Shipping LLM features without melting your infrastructure
2026-06-16 · AI · 1 min read · @TechScribeWire
The demo always works. You wire up a model, paste in a prompt, and the magic happens on the first try. Then you ship it to real users and discover that “magic” has a p99 latency of nine seconds and a monthly bill that looks like a typo.
Treat the model like a flaky network dependency
The single most useful mental shift is to stop treating the model as a function call and start treating it as a remote service that is occasionally slow, occasionally wrong, and occasionally down. That means timeouts, retries with backoff, and a fallback path that degrades gracefully instead of spinning forever.
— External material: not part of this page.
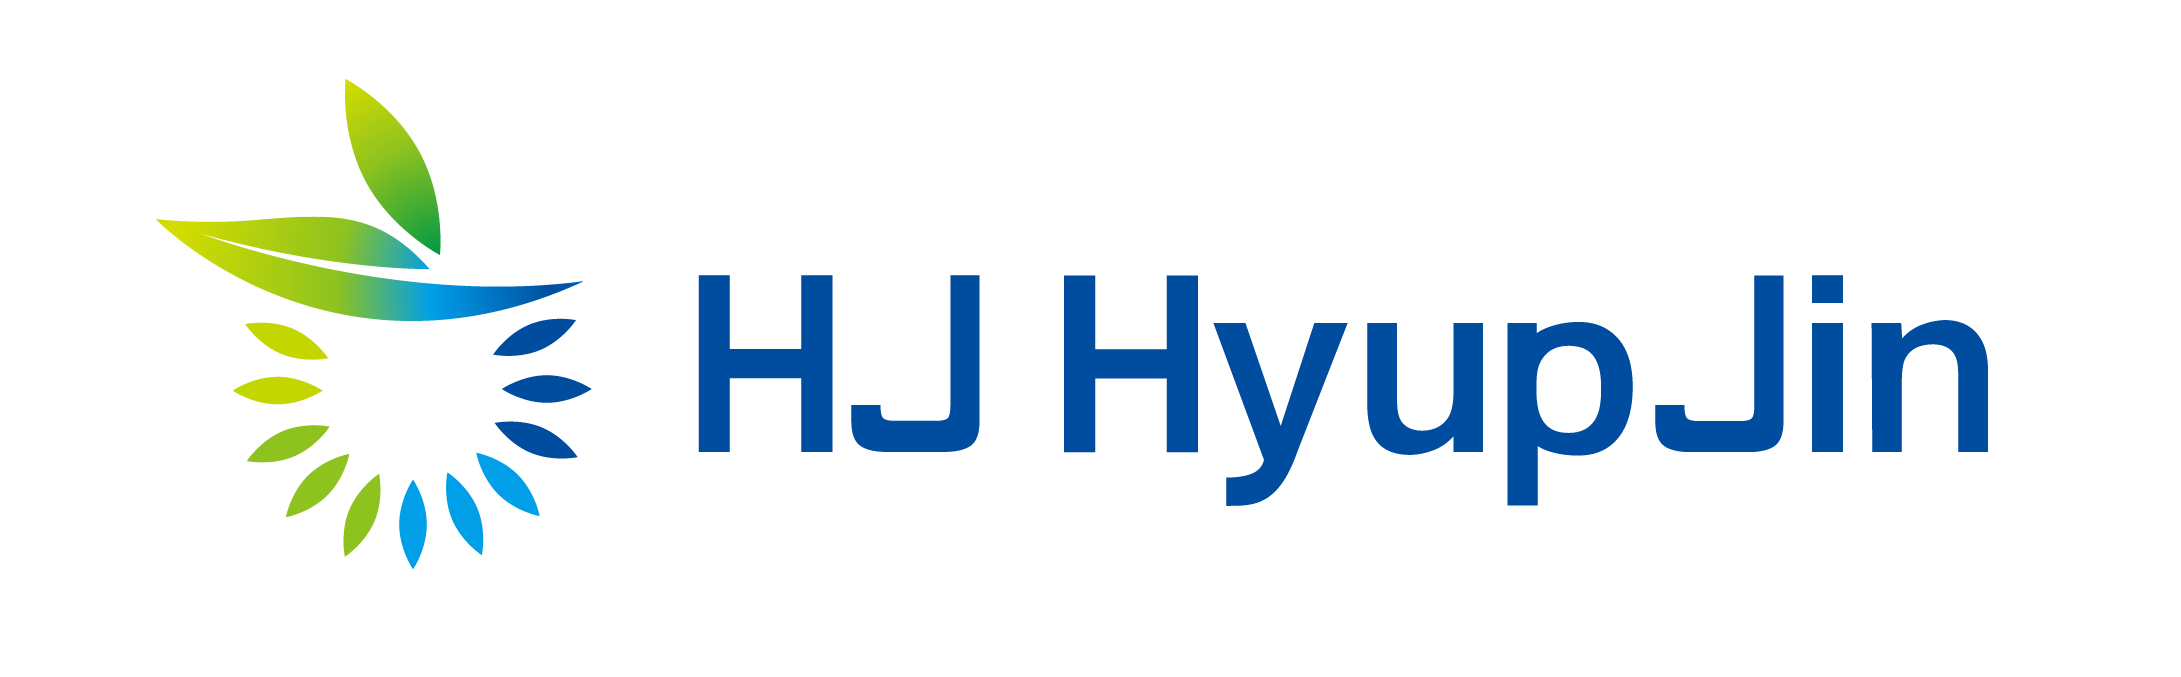 hj hyupjin_logo

const result = await Promise.race([
callModel(prompt),
timeout(4000), // give up and show a cached/simpler response
]);
Cache aggressively, at every layer
Most production prompts are far less unique than they feel. Normalize inputs and cache completions by a hash of the normalized prompt. Even a 20% hit rate meaningfully cuts cost and tail latency.
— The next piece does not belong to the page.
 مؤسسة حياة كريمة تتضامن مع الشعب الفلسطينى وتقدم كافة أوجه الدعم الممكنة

Stream tokens to hide latency
Users forgive slowness they can watch. Streaming the response makes a four-second completion feel instant because the first token arrives in a few hundred milliseconds.
Budget tokens like you budget money
- Set hard max-token caps per request.
- Trim context windows ruthlessly; more context is not free.
- Log token counts per feature so you can see which flows are expensive.
None of this is glamorous, but it is the difference between an AI feature that survives contact with real traffic and one that gets rolled back on a Friday night.